5 . COMPANY PERFORMANCE

During the Financial Year under review, your Company earned total income of Rs.49.75 Crores (previous years Rs.32.94 Crores). The net Profit after tax is Rs.27.17 Crores (previous years profit of Rs.15.51 Crores).

6 . OPERATIONS OF THE COMPANY

The operations at Wind Farm site were affected due to disputes with service provider. The management has operationalised part of the wind farm with the help of other service provider. Despite such problems, the Company was able to generate 22.41 Million (Net) Units of power.

7 . HUMAN RESOURCES

As on 31st March, 2019, the Company has 9 employees. The relations with Companys employees are cordial.

8 . CONCERNS AND THREATS

• The Company operates in a highly regulated environment. Any change in Government Policies will adversely affect the operations of the Company.

• The Company depends on the service provider for operations and maintenance of Wind Turbines. Certain litigations against the service providers are pending before the judicial / quasi judicial authorities. Unfavourable outcome of these litigations will adversely affect our operations.

9 . PROSPECTS FOR THE CURRENT YEAR

The Company is taking all efforts to improve the machine availability of the Wind Farm by undertaking regular maintenance and break down maintenance in a scheduled manner. The Company is also trying to operationalize some of the balance machines. The Company also expects that going forward the electricity tariff will further increase.
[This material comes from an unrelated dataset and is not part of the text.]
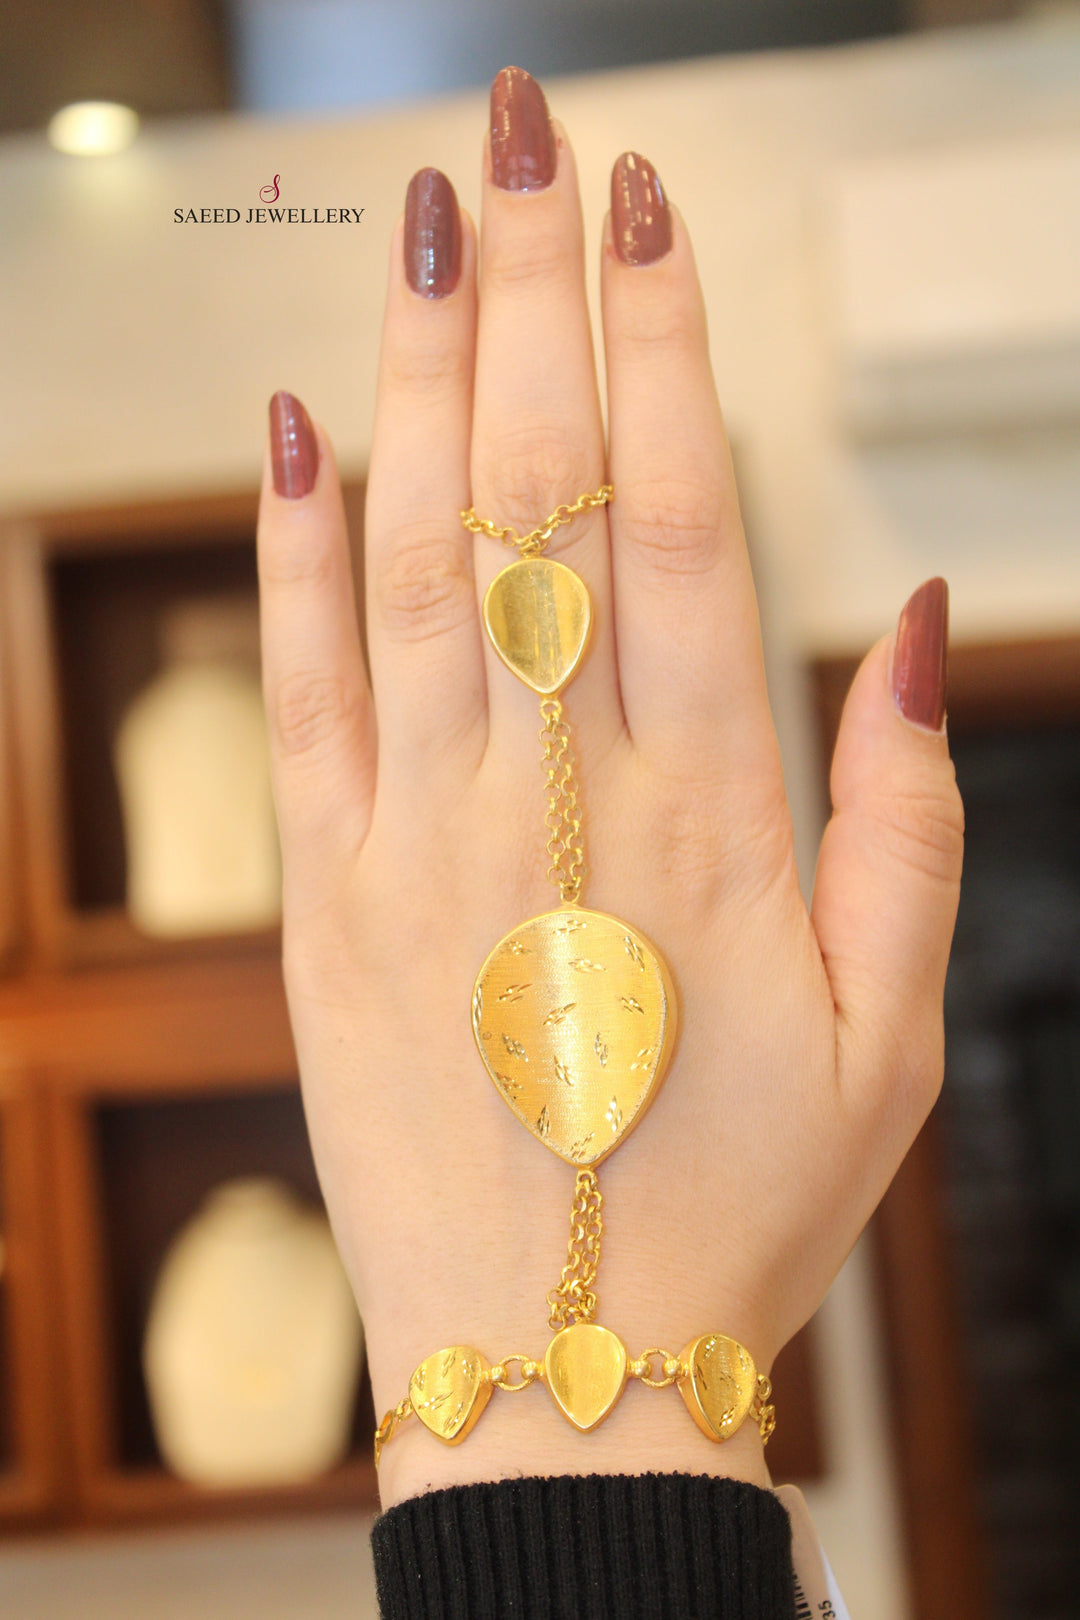 21K Gold Emirati Hand Bracelet by Saeed Jewelry - Image 1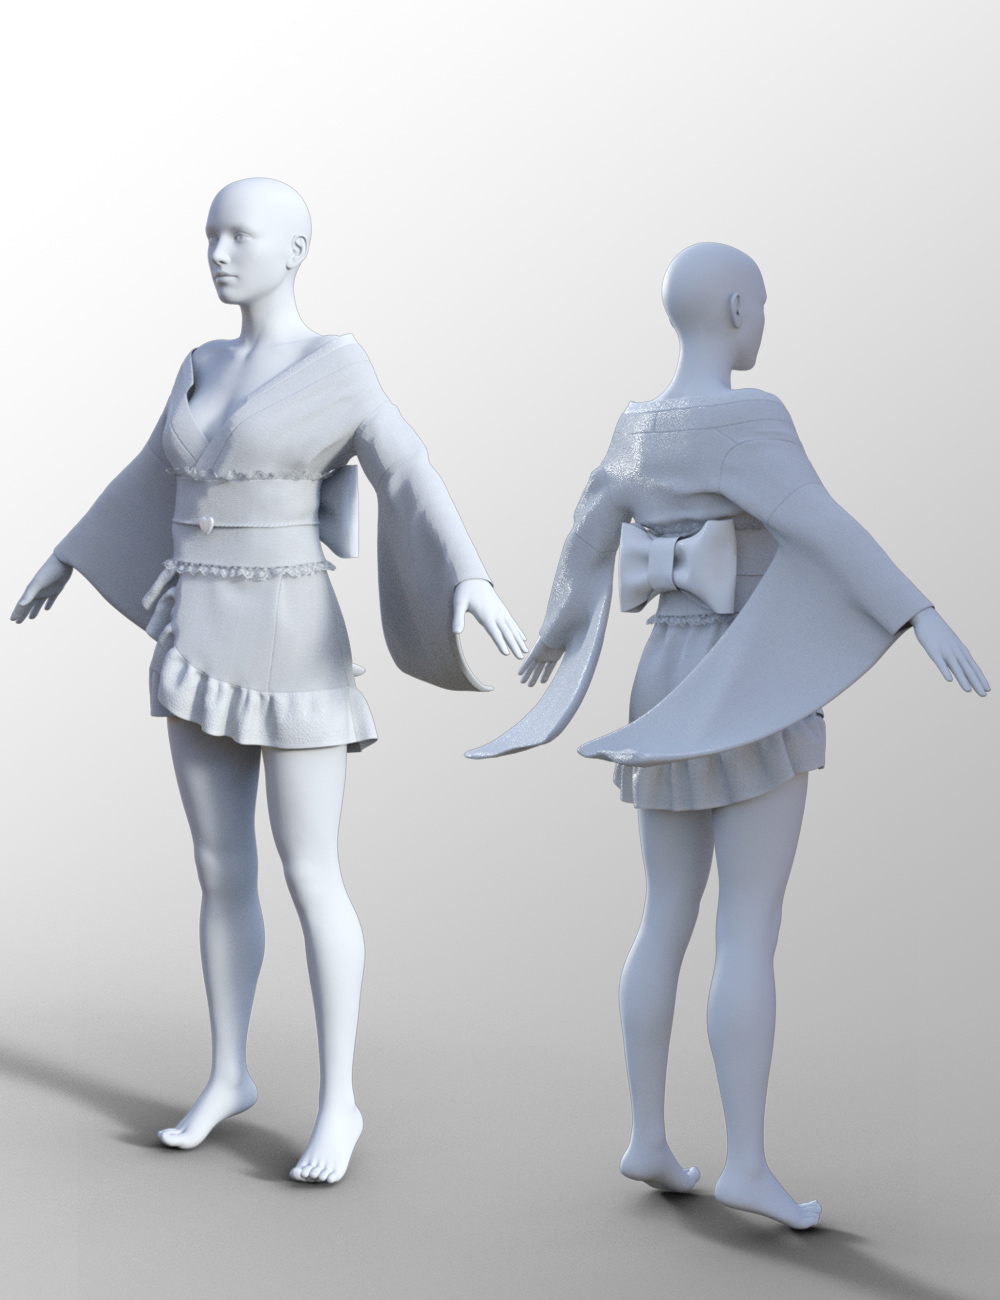 dForce Pretty Kimono for Genesis 8 Females by: kobamax, 3D Models by Daz 3D

All this will result in increased revenue generation and profitability.

10. INTERNAL CONTROL SYSTEMS AND THEIR ADEQUACY

The Company has adequate internal control systems to ensure operational efficiency and accuracy in financial reporting and compliance of various laws and regulations.

The internal control system is supported by the internal audit process. The internal audit is conducted by a Chartered Accountant in practice. The Audit Committee of the Board reviews the Internal Audit process and the adequacy and effectiveness of internal audit and controls periodically.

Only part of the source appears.